WHAT TO WORK ON - Beginning with the line that contains "Ricardo Beverly Hills", copy each subsequent line of the data below through the last one, including both ends but not the pictures.

GIVEN DATA -
----

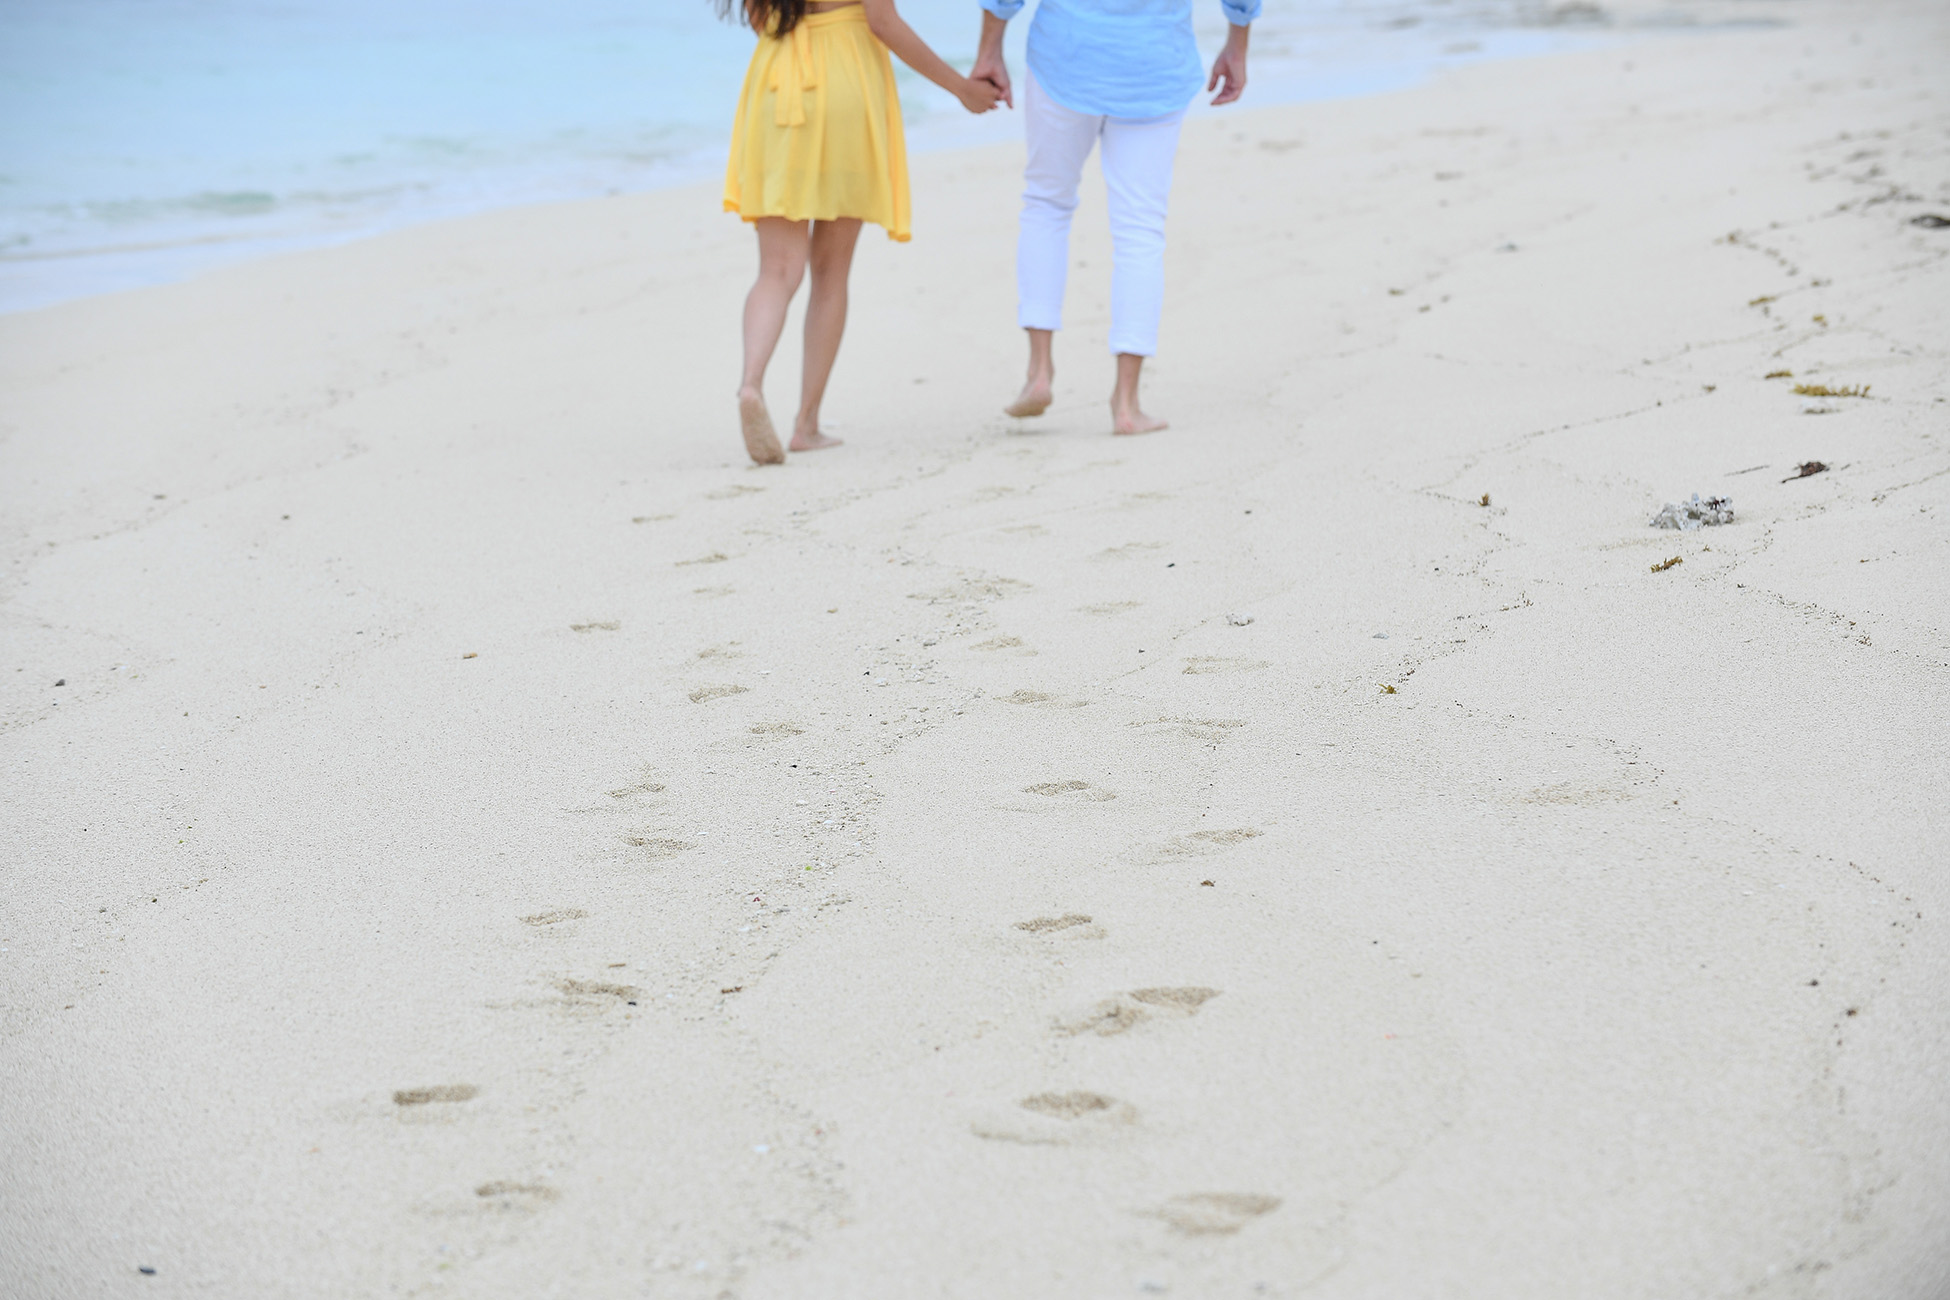 The newly engaged couple leave footprints on the beige Mamanunca beach of Fiji
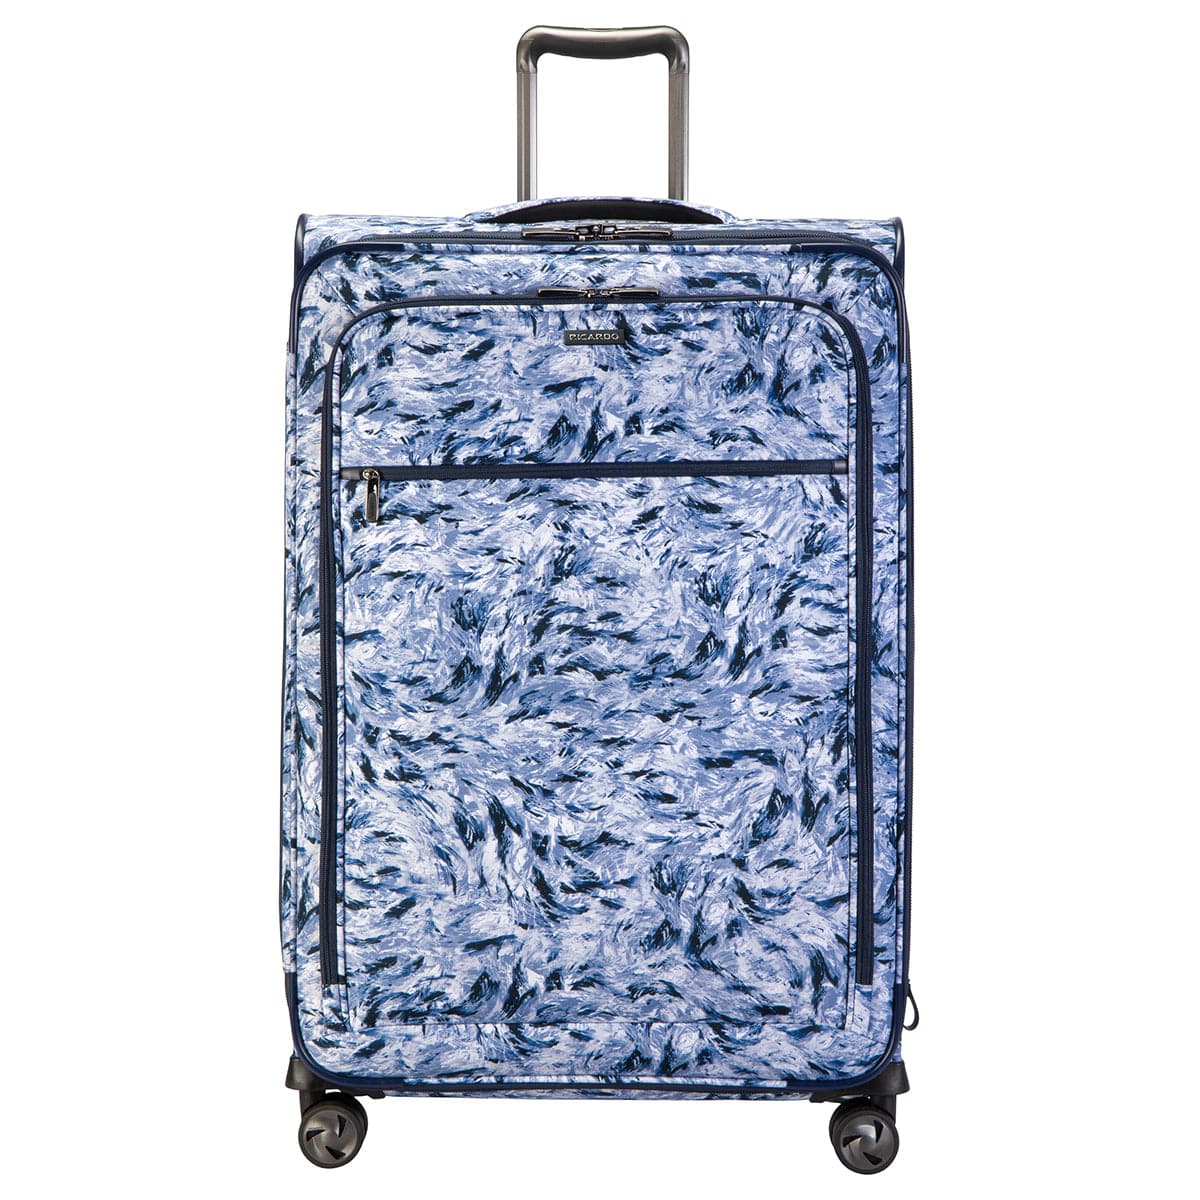 Ricardo Beverly Hills Seahaven 2.0 Large Check-In Luggage
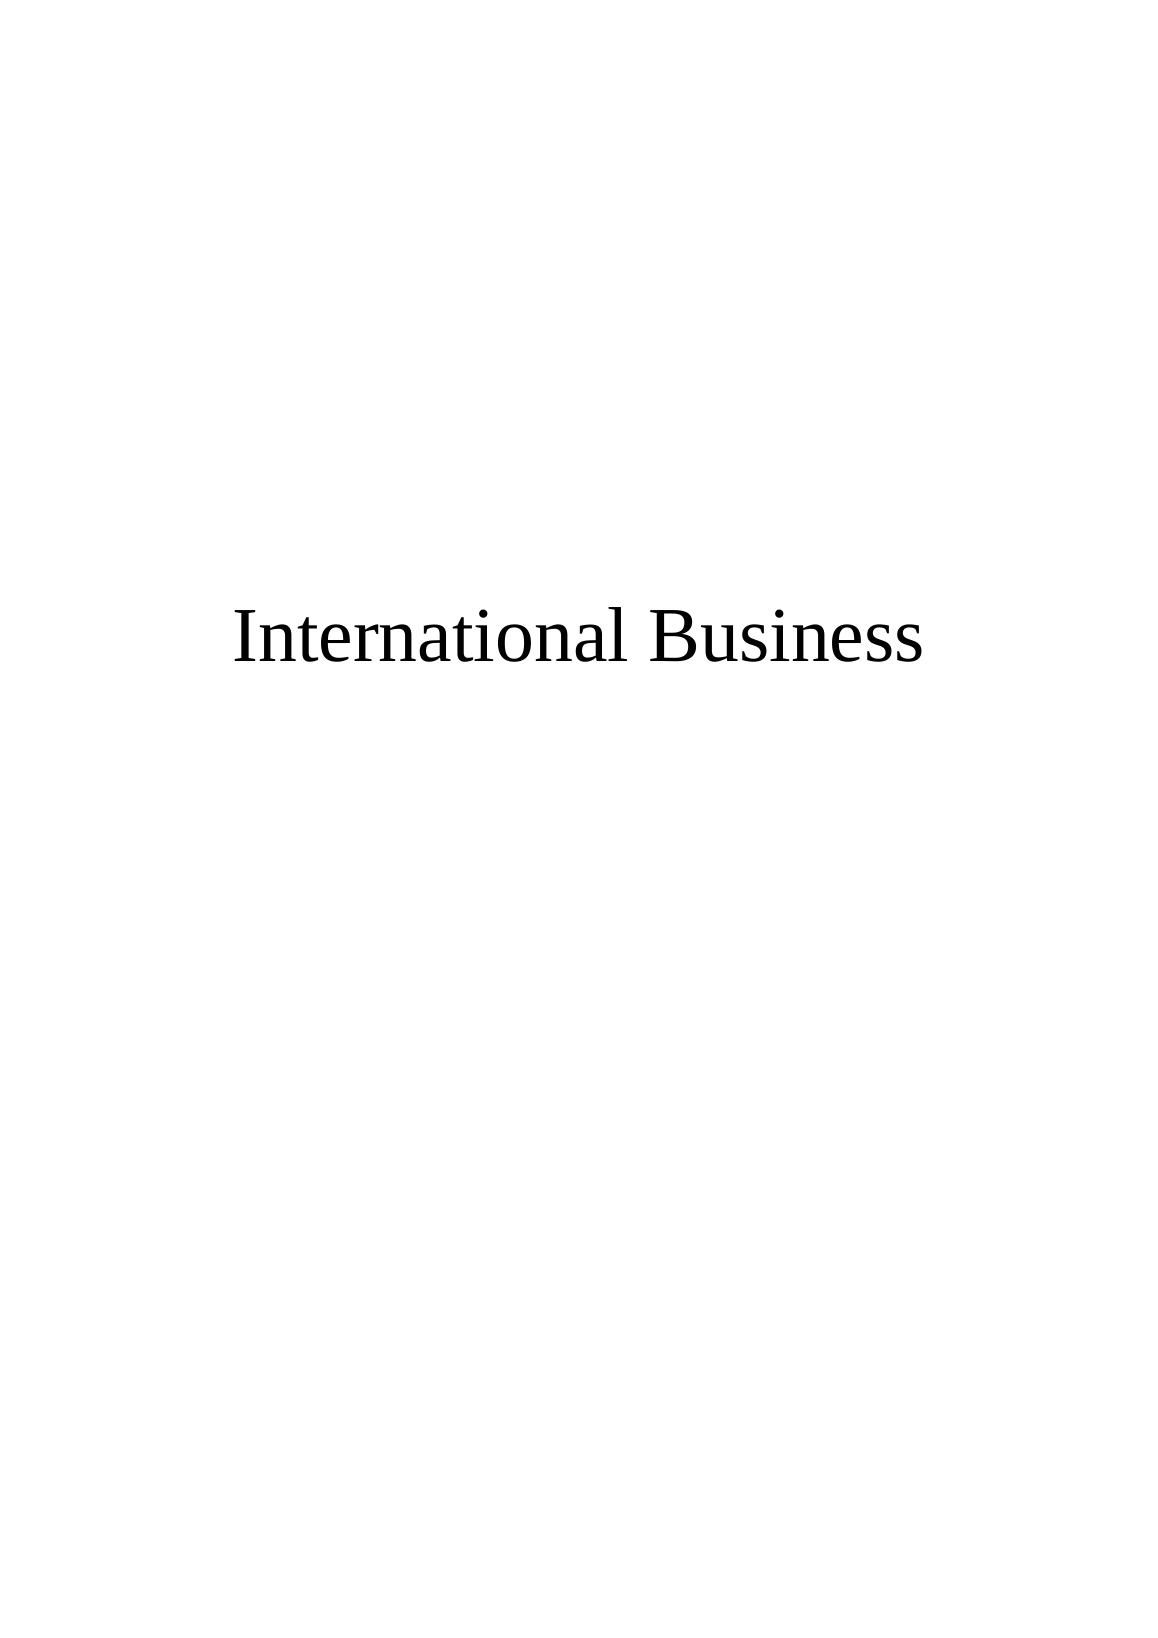 International Business: Overview, Trade, and Globalization_1

----

TASK RESPONSE -
 Ricardo Beverly Hills Seahaven 2.0 Large Check-In Luggage
 International Business: Overview, Trade, and Globalization_1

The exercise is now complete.